Poor Man's Version

Can't afford it? Not a problem.

Friday, February 29, 2008

Can't sleep. Must blog.

Random thoughts swimming in my head.

So I had a meeting today that went better than expected. It looks like a show that I am helping to create has passed the first round of pitches and is going into the 2nd and final round on Monday. I'm working on a title. So far I've got...well, you'll just have to wait for that. If it makes it onto the TV, you're gonna have to subscribe to the channel. As of now I think there are 14 subscribers.

The owners of the Ferrari Driving School have the last name of Pinto.

I'm picking up my ukulele again after abandoning all music for well over a year. After I get my fingers limbered up on the uke, I'll move back to the guitar. Then I will upload tons of witty, silly songs that I wrote about the Ferrari Driving School and those fabulous Pintos. (or is it Pintoes?)

Apparently I'm the callback king right now, but the only thing I booked was a student film. Student films suck because they only film in the winter (in order to have a completed movie for the spring). You are hearing it from me now - no more student films. I don't need any more student footage for my reel. What I do need is a freakin' break and a L&O credit. Who's mother do you have to blow to get on any one of those three shows?

I was on 1st refusal for a job in Orlando this week. Didn't get it. I'm on 1st refusal for a job in Miami next week. I'd like to be warm for a while.
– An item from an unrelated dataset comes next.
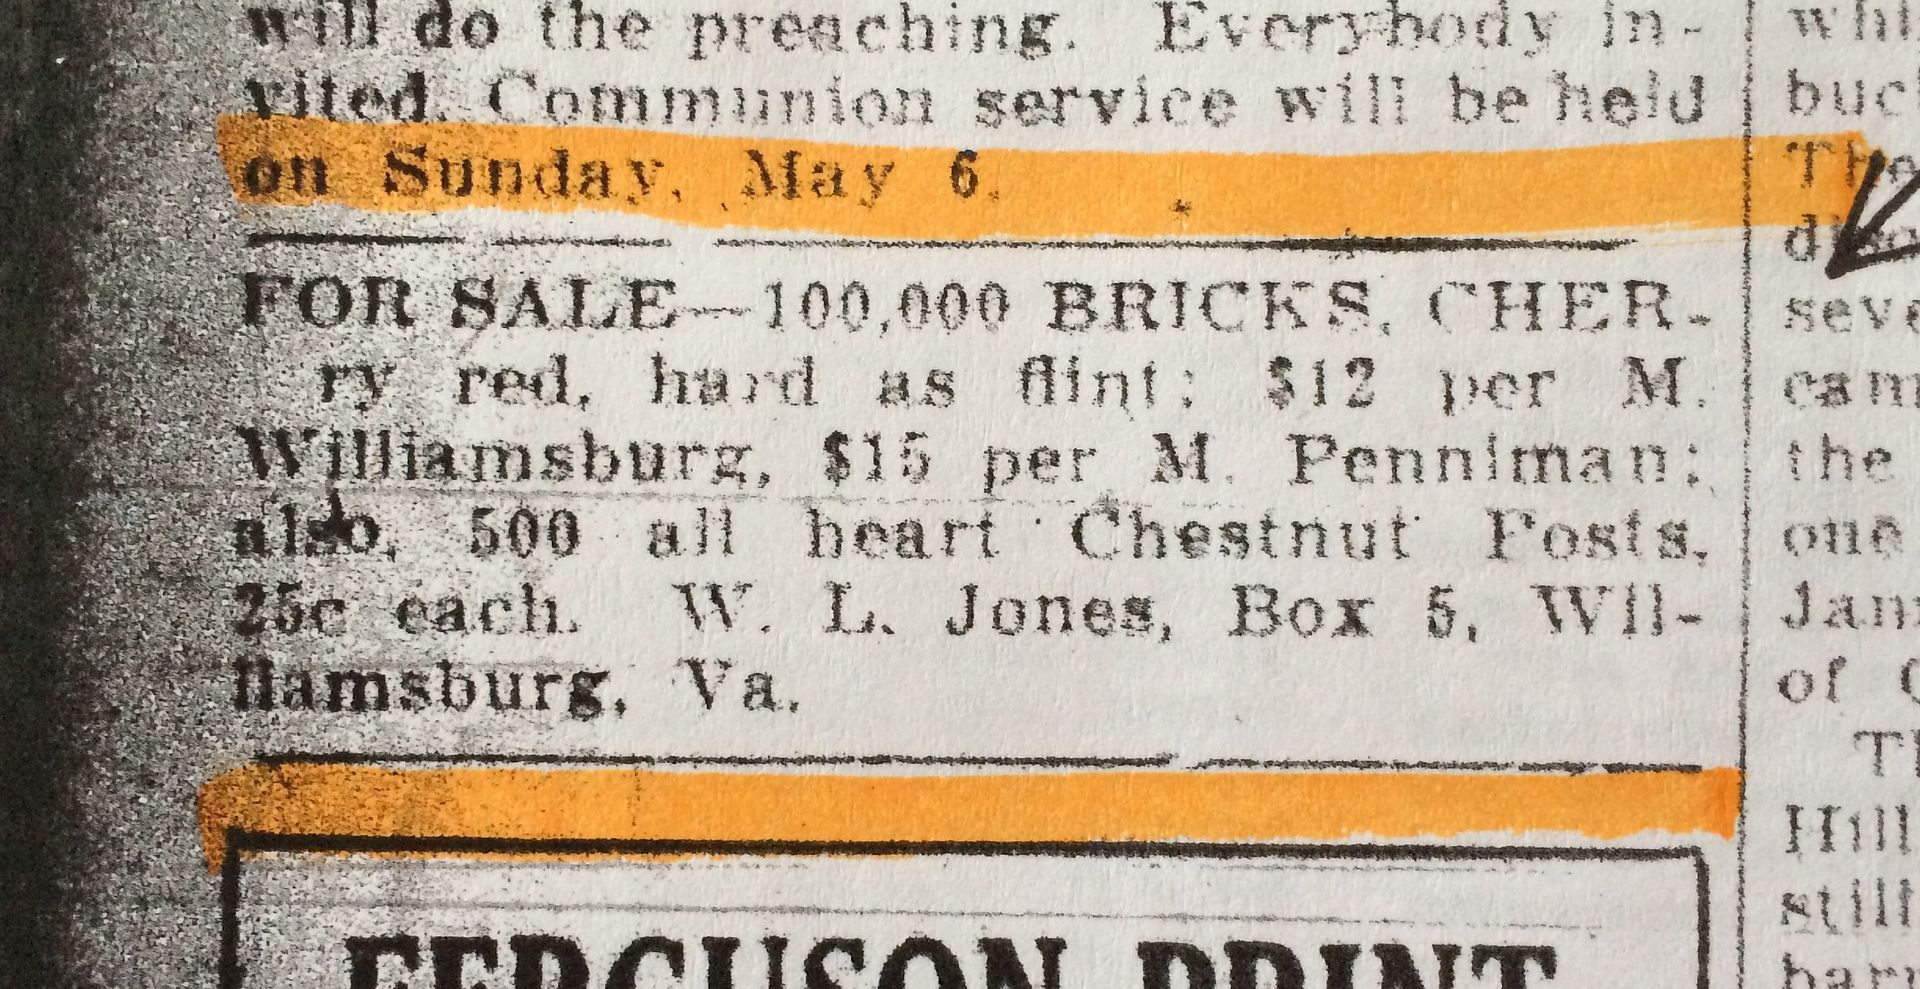 Bricks for sale. Cheap.

Playing the ukulele after a year off makes your fingers tingle.

Wednesday, February 27, 2008

Tina Majorino is the poor man's Jena Malone




Don't cry, Jena. You won.


I'd like to thank Mr. Heaney over at Heaneyland for bringing this to my attention. One of the greatest ideas I've seen in a long time.
Garfield Minus Garfield

Monday, February 25, 2008

My Oscar re-cap is the poor man's everyone else's Oscar re-cap



We had a few friends over for Oscar night. Here are the highlights...

I wore Michael Morgan, and then Old Navy (I'll explain in a sec).
A friend of ours works for Vanity Fair, and since they weren't having their party this year, we got a few of their treats (chocolte Oscars and engraved[?] apples - see photo).
We set up an Oscar pool at $5 a pop. The tie-breaker question: what time will the first mention of the Writers' Strike happen. My brother and I got it at 8:32 ET (with about 6 seconds to spare).
I did my best grandmother impersonation by dropping food on my shirt (Michael Morgan). Twice (Old Navy).
Our Vanity Fair friend won the Oscar pool. My brother used the tie-break question to beat out Mrs. Poor Man for 3rd place. I came in dead last...which was 6th.
Relatively few snarky comments were made. I like watching the Oscars. I don't expect much from the telecast, nor should anyone else. It's just a show which has developed it's own mini-economy, what with pre-shows, post-shows, parties, catering, swag, etc.
No milkshakes were drunk.

Thanks for the well wishes about my health. I'm doing fine, the tests were just preventative stuff so I don't become one of those folks who travels everywhere in a scooter when I'm old and obese.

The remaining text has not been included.